To submit a production job on HPCVL clusters, you need to us
the load-balancing software Grid Engine. To obtain
details, read
our
Gridengine FAQ .
For a Fluent production job, this means
that rather than issuing the above batch command directly, you wrap
it into a Grid Engine script. For an example for such a
batch script please click
here. This script needs to be altered by replacing all the
relevant items enclosed in {} by the right values.
The batch script is submitted to the GridEngine by typing
qsub fluent.sh
The advantage to submit jobs via a load balancing software
is that the software will automatically find the resources
required and put the job onto a set of processors that have a
low load. This will help executing the job faster. Note
that the usage of Gridengine for all production jobs on
HPCVL clusters is mandatory. Production jobs with a
running time of more than 3 hours that are submitted outside
of the load balancing software will be terminated by the
system administrator.
The Fluent jobs that you will want to run on the HPCVL
machines are likely to be quite large. To utilize the parallel
structure of the Sun Fire's, Fluent offers several options to
execute the solver in a parallel environment, i.e. on several
CPU's simultaneously. The default option for such runs
is MPI i.e., it uses the SUN native version of
the Message Passing Interface for
inter-process communication.
To take advantage of the parallel capabilities of Fluent, you
have to call the program with a series of commandline options that
specify the details of your parallel run. Here is a short
overview:
- -tn where n is the number of processors
requested, e.g. if you want to run with 8 processors, you
would use the option -t8
- -pvmpi specifies that the (default) vendor MPI
communication system is to be used. May be omitted.
- -g specifies that the GUI should be
surpressed. Required for batch jobs.
Parallel jobs should only be run in batch using the Grid
Engine. The number of processors specified in our example script
appears only once, after
#$ -pe fluent.pe
which is
where you let the Gridengine know how many processors to
allocate to run the program. The internal environment variable
$NSLOTS will automatically be set to this value and can then
be used in the fluent command line.
It is also necessary to source a setup file called
/opt/fluent/Fluent.Inc/setup.sh for the 32-bit
version. This will set various environment variables and
enable the Fluent program to properly interact with Grid
Engine. If you are interested, take a look. The file is
readable. If you are using the 64-bit version of Fluent, you
have to alter the batch script to source the
/opt/fluent/Fluent.Inc/setup_64bit.sh file instead.

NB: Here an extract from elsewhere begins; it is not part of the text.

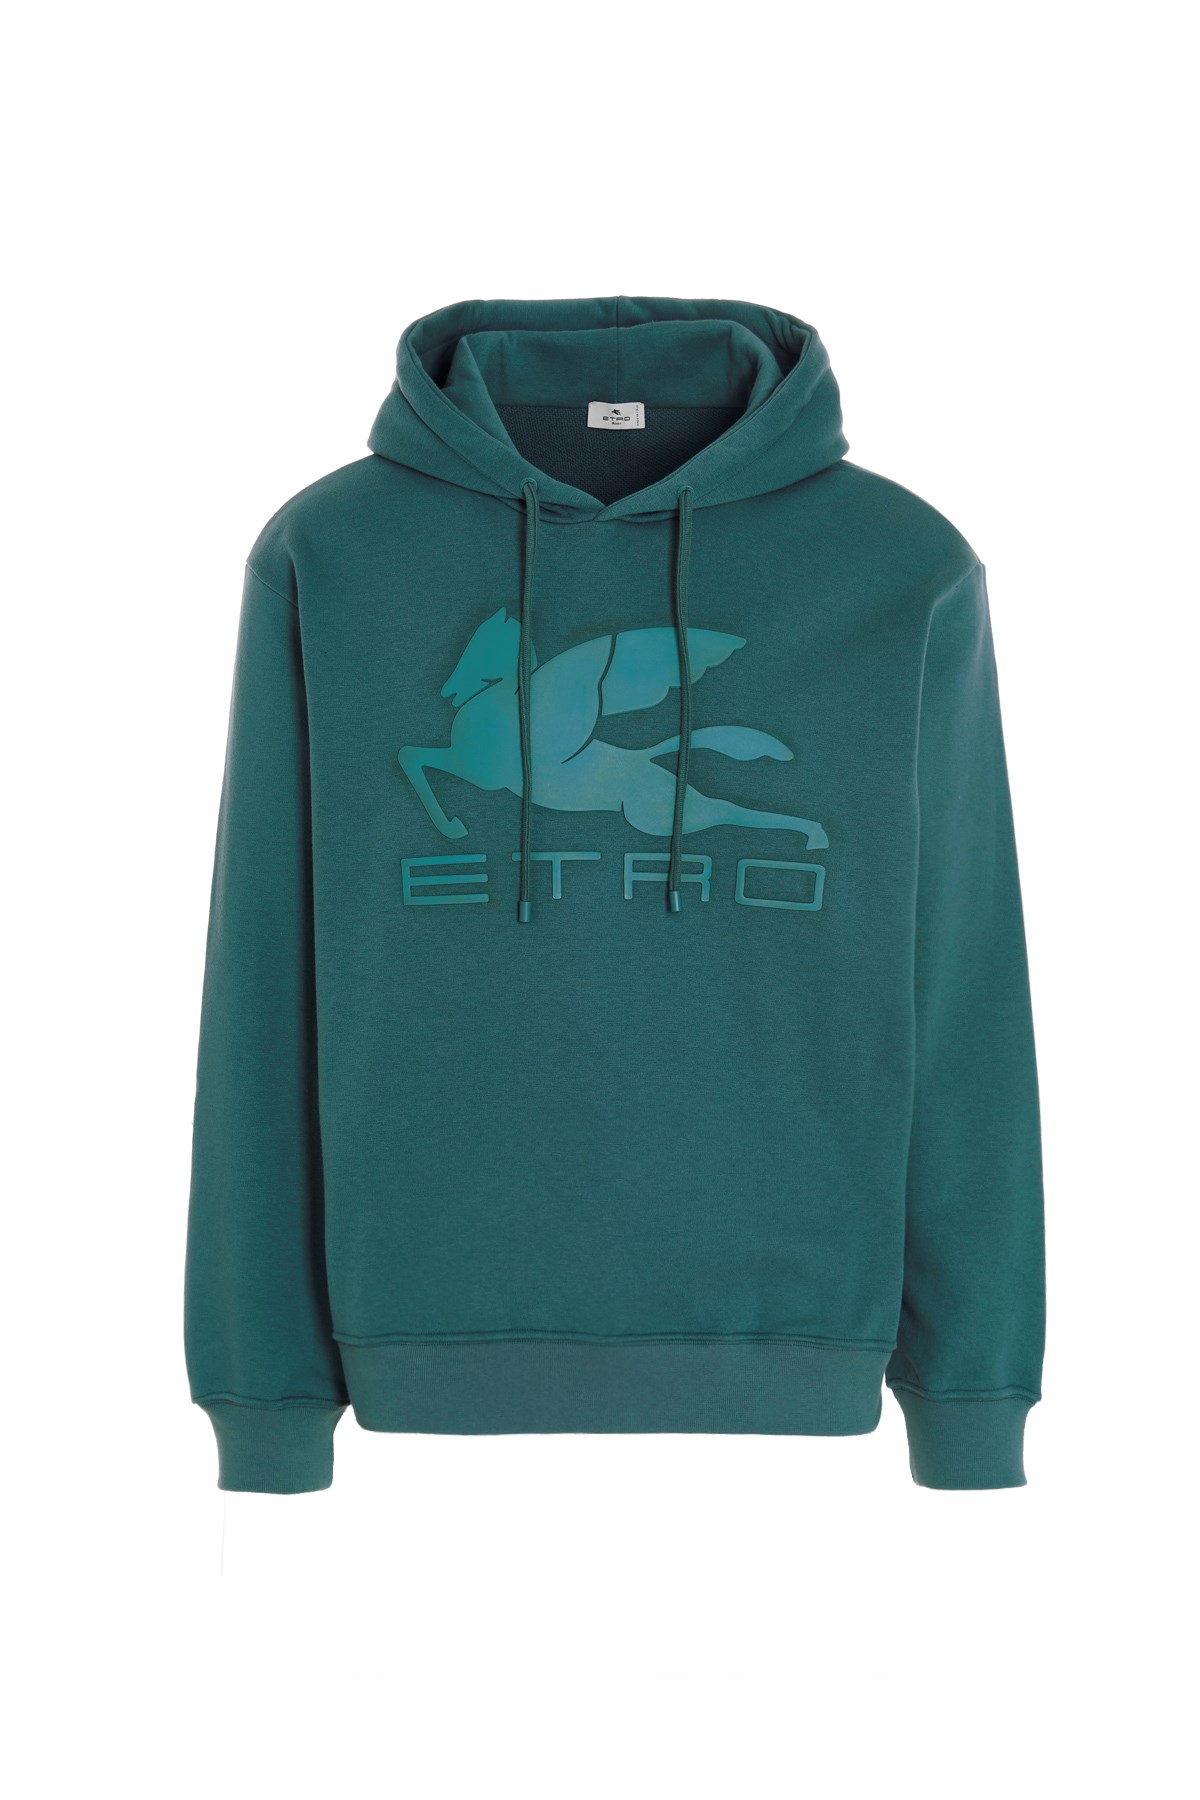 ETRO Logo Hoodie

In the above script, the parallel environment
fluent.pe is for Fluent jobs only, and is
used to keep track of the available licenses. The licensing
situation can also be checked interactively by typing:
flulic
Grid Engine is able to interact with the license
manager of Fluent (FlexLM) to check if sufficient licenses
are available for running. This will keep the scheduler from
starting jobs because enough processors are available, just to
be stopped again because there is not enough licenses. Grid
Engine keeps an internal counter of available "license slots"

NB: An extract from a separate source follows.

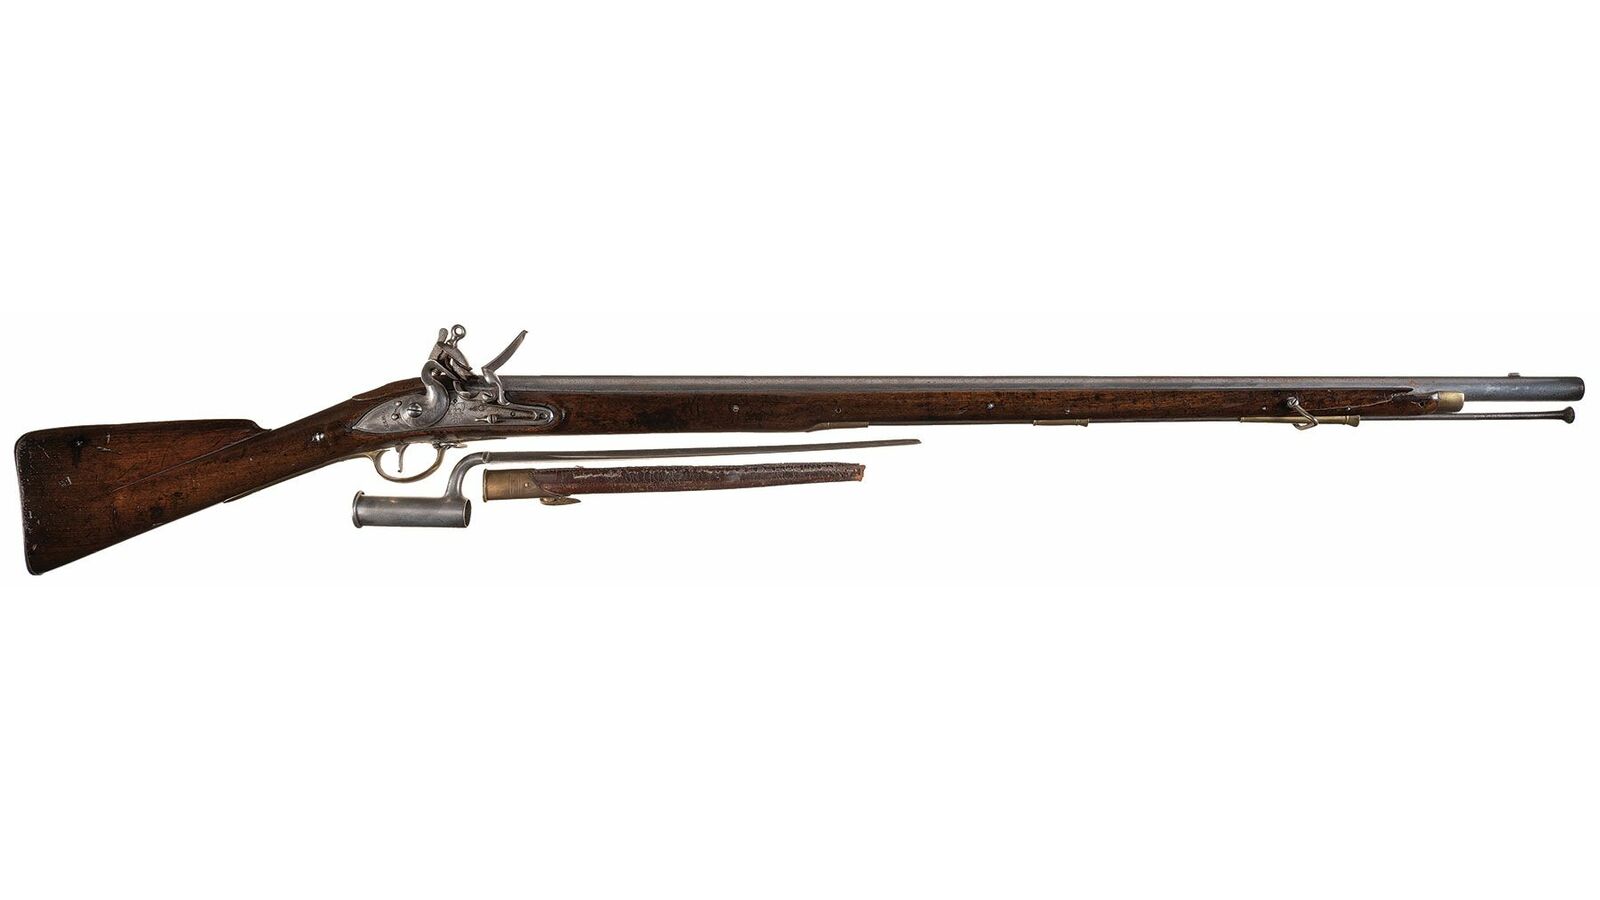 British India Pattern Brown Bess Flintlock Musket with Bayonet.

which gets updated frequently. Everytime Grid Engine attempts
to schedule a Fluent job and is kept from doing so because not
enough licenses are available, it will "requeue" the
job. Since this causes the issue of an email if notification
is requested, our example script contains no #$ -m
be line. Notification happens automatically when a job
starts and when it is finished, and will be sent to the email
specified in the line
#$ -M email@address
in the
script.
All processes are allocated within a single node.
This is to make communication more efficient and to avoid problems with
the control by Gridengine. The effect of this is that, while
still using MPI, Fluent employs a so-called shared-memory
layer for communication. The disadvantage is that it takes
longer until the required resources (dedicated processors) are
available, i.e. you spend more time on the Grid Engine waiting
queue.
Once the script has been adapted, it can be submitted to the
Gridengine by
qsub fluent.sh
from the login node (which is the GridEngine submit
host). Note that the job will appear as a parallel job on the
GridEngine's qstat or qmon commands. Note also
that submission of a parallel job in this way is only
profitable for large systems that use many CPU cycles, since
the overhead for assigning processes, preparing nodes, and
communication between them is considerable.
There is an easier way to do this: We are supplying
a small perl script called that can be
called directly, and will ask a few basic questions, such as
the name for the job to be submitted and the number of
processes to be used in the job. Simply type
FluentSubmit
and answer the questions. The script expects a Fluent input
file with "file extension" .flin to be present and will
do everything else automatically. This is meant for simple
Fluent job submissions. More complex job submissions are
better done manually.